• RECORDED DATA:
⁂

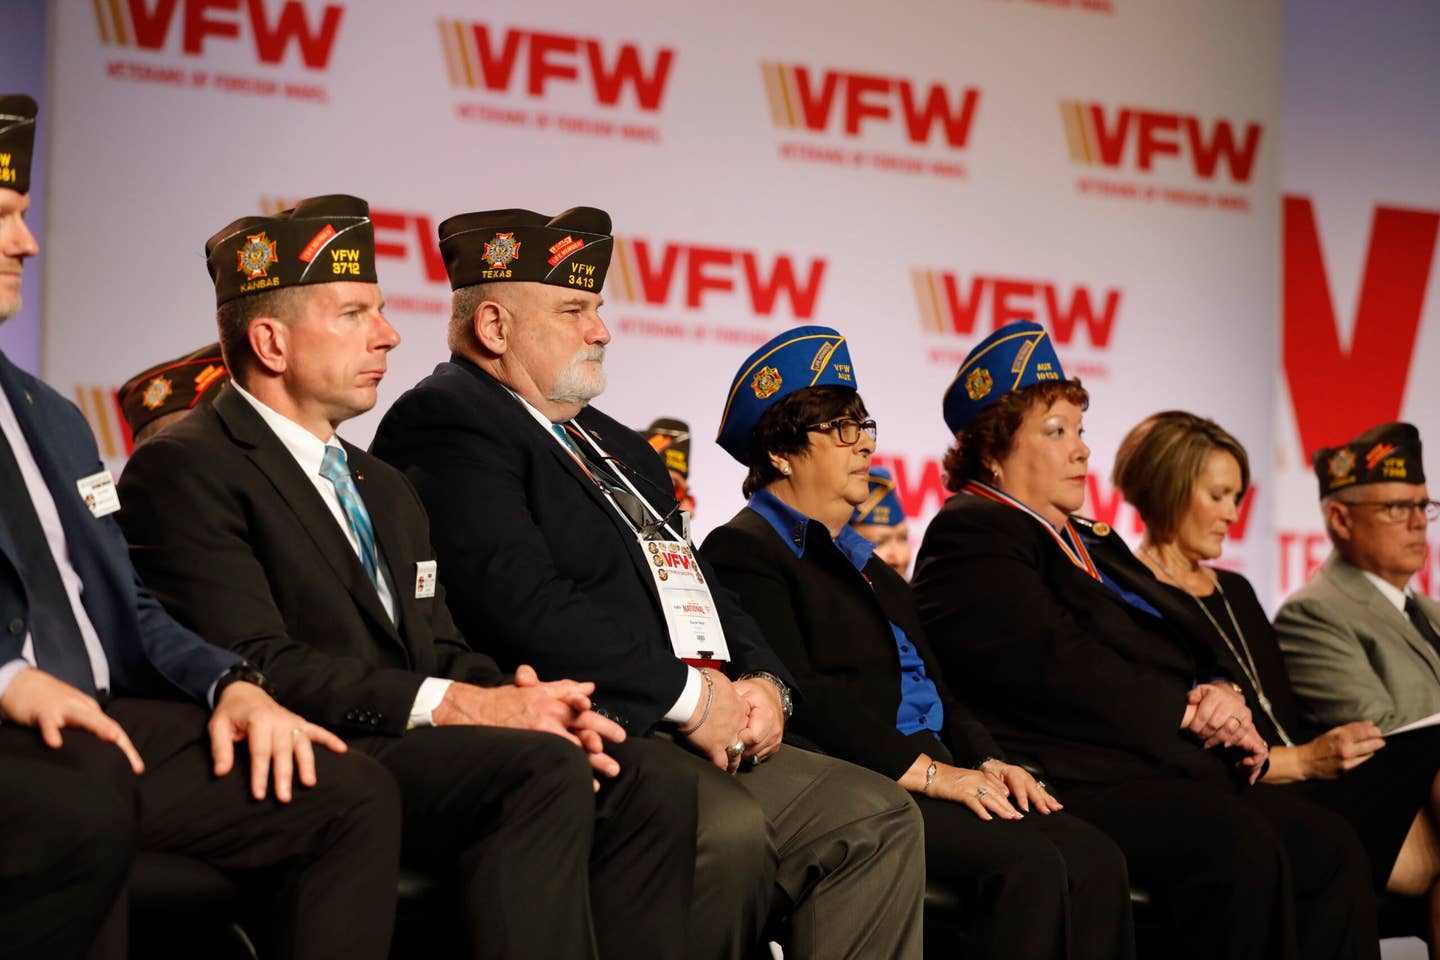 VFW veterans sitting on stage.
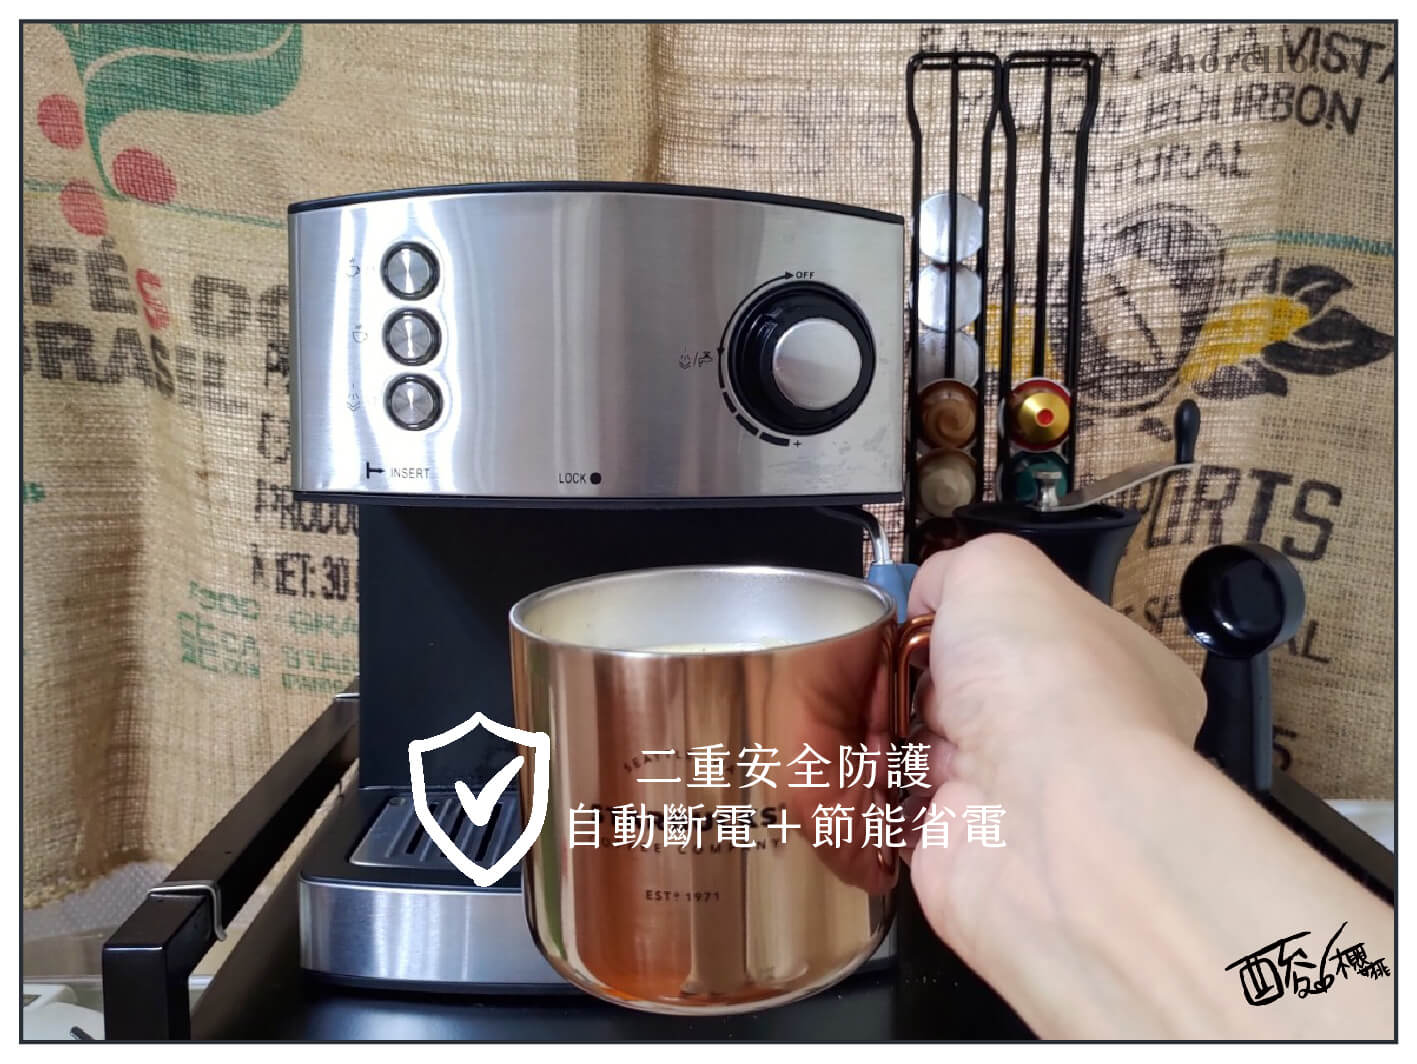 YIRGA CLASSIC 半自動義式咖啡機 二重安全防護
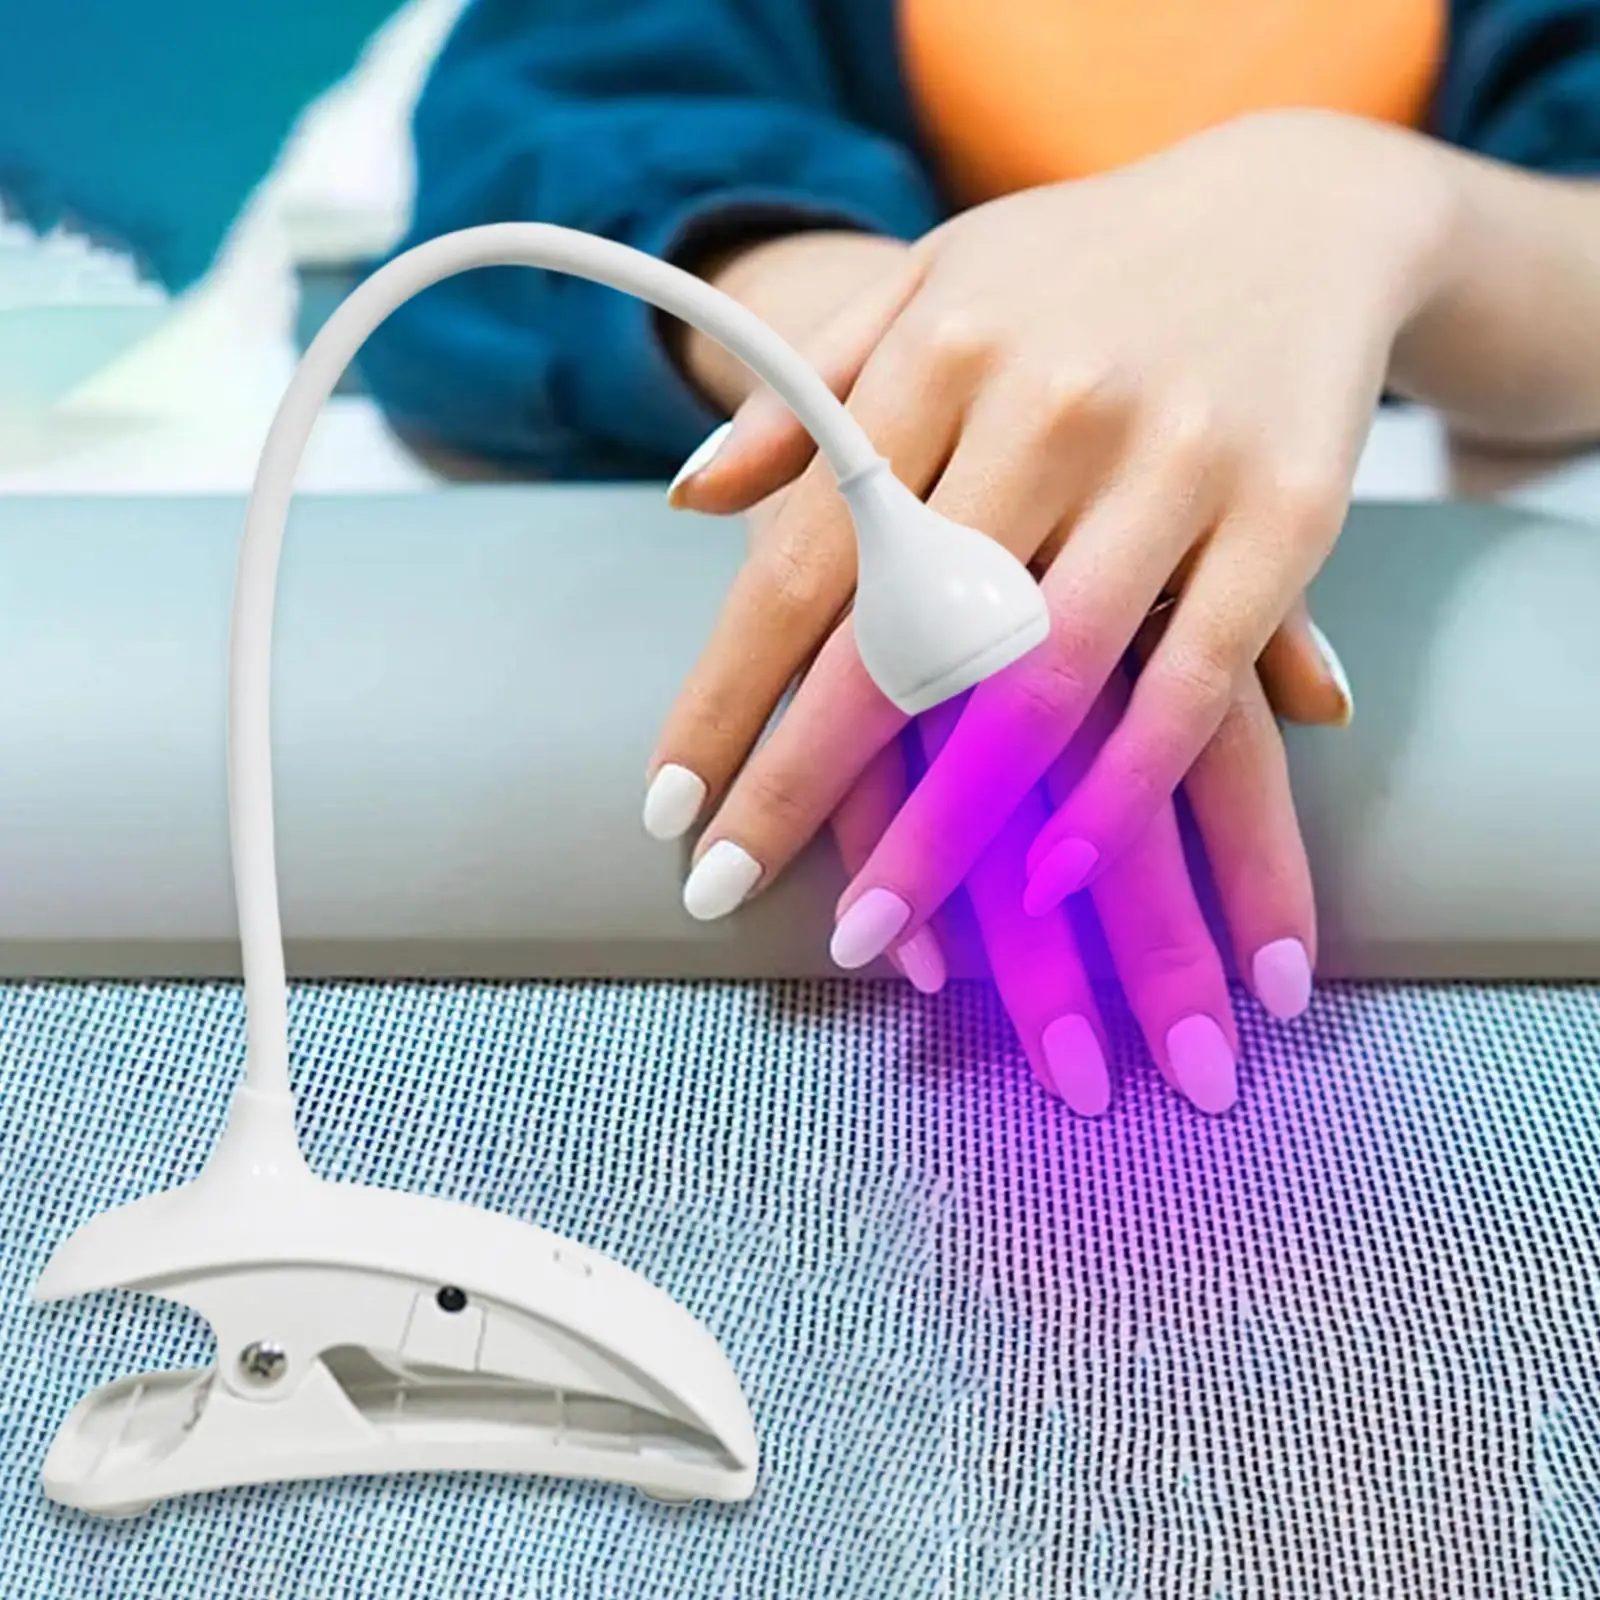 Nail Dryer Lamp Nail Art Tool 5W Nail Polish Curing Light for Salon Home DIY

⁂

• EXERCISE DETAILS: Word for word, print all of the data; skip the pictures.

• YOUR RESPONSE:
 VFW veterans sitting on stage.
 YIRGA CLASSIC 半自動義式咖啡機 二重安全防護
 Nail Dryer Lamp Nail Art Tool 5W Nail Polish Curing Light for Salon Home DIY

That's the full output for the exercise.